A very old computer aphorism is still quite apt: Garbage in, garbage out. As enterprises struggle to cope with the growing data deluge, they need to optimize the data feeding their analytics engine, and this means taking a fresh look at how data is integrated and managed.

Currently, the data integration and data management solution providers are generally responding to the data explosion with a proliferation of tools. However, these distinct technology specializations don't give businesses a holistic data solution that can make sense of data spread across enterprise data centers and cloud-based platforms. This type of offering may even complicate the issue further.To change this, we need a confluence of data integration and data management.Fittingly, cloud is enabling this change and cloud-enabled platform service providers can offer a solution to this data conundrum.

In this new data world, a unified data integration and data management platform can streamline the complex tasks of matching, cleansing, and preparing all data for business intelligence (BI) applications. Versions and hierarchies are maintained, ensuring that data remains in sync.

A unified platform also makes it much easier to identify data sources and monitor interactions between applications that use the data. The context thus gained makes patterns and relationships more evident during data analysis, speeding up the delivery of actionable insights that inform business decisions.

Consider the possibilities when the healthcare industry starts using a data integration and data management service provider as its data integration broker and information hub.

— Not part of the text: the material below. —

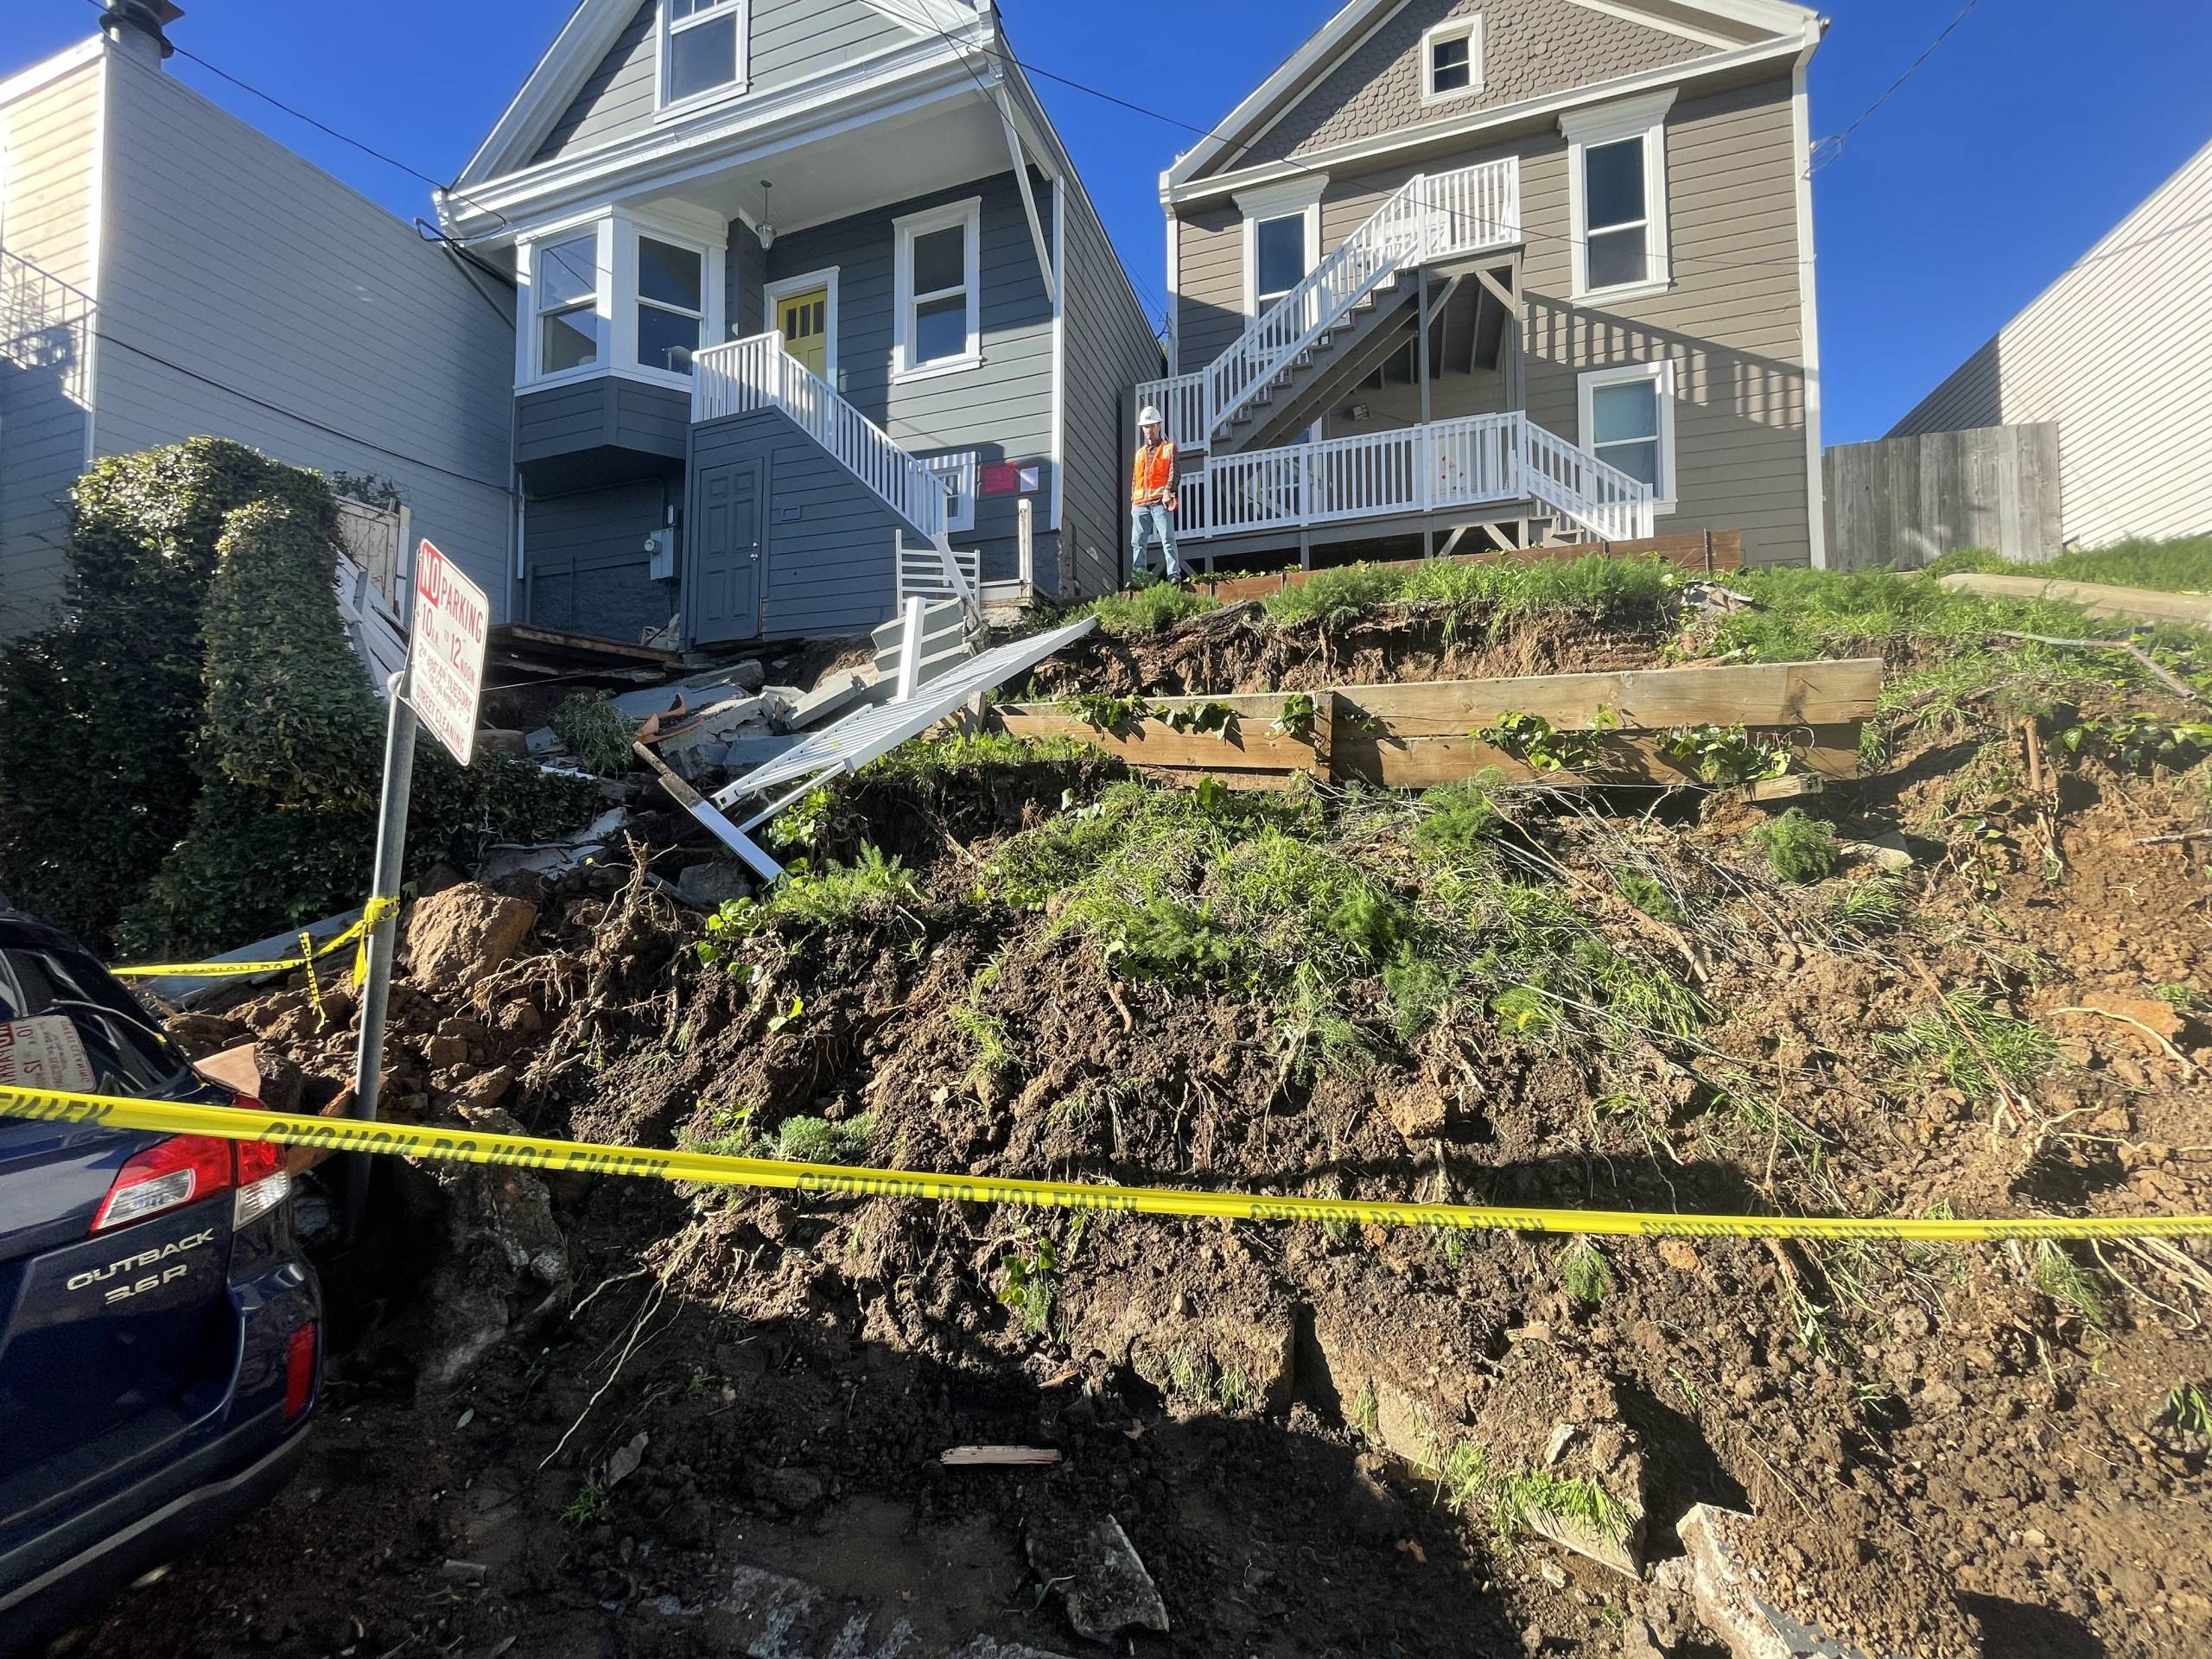 A Subaru Outback is buried beneath rubble and dirt from a landslide. One worker stands at the top of a hill with two houses behind him. Yellow caution tape blocks off the perimeter.

A patient wearing a sensor device is monitored continuously by a mobile app, which transmits biometric data to the data integration and data management service cloud. There, the remotely collected data is integrated with the patient's electronic health record (EHR) and lab results. Analytics can then be realized with confidence. The result is a much bigger picture that improves diagnostics and enables more informed treatment decisions by clinicians and patients.

Increasingly, business success will be determined by the best use of data. The winners will be the ones who leverage the cloud to create the synergistic data whole out of the sum of the wildly increasing and disparate data parts. Companies that are successful here will be better able to identify customer needs, track market trends, more quickly diagnose a patient's illness, or even invent the next big disrupter.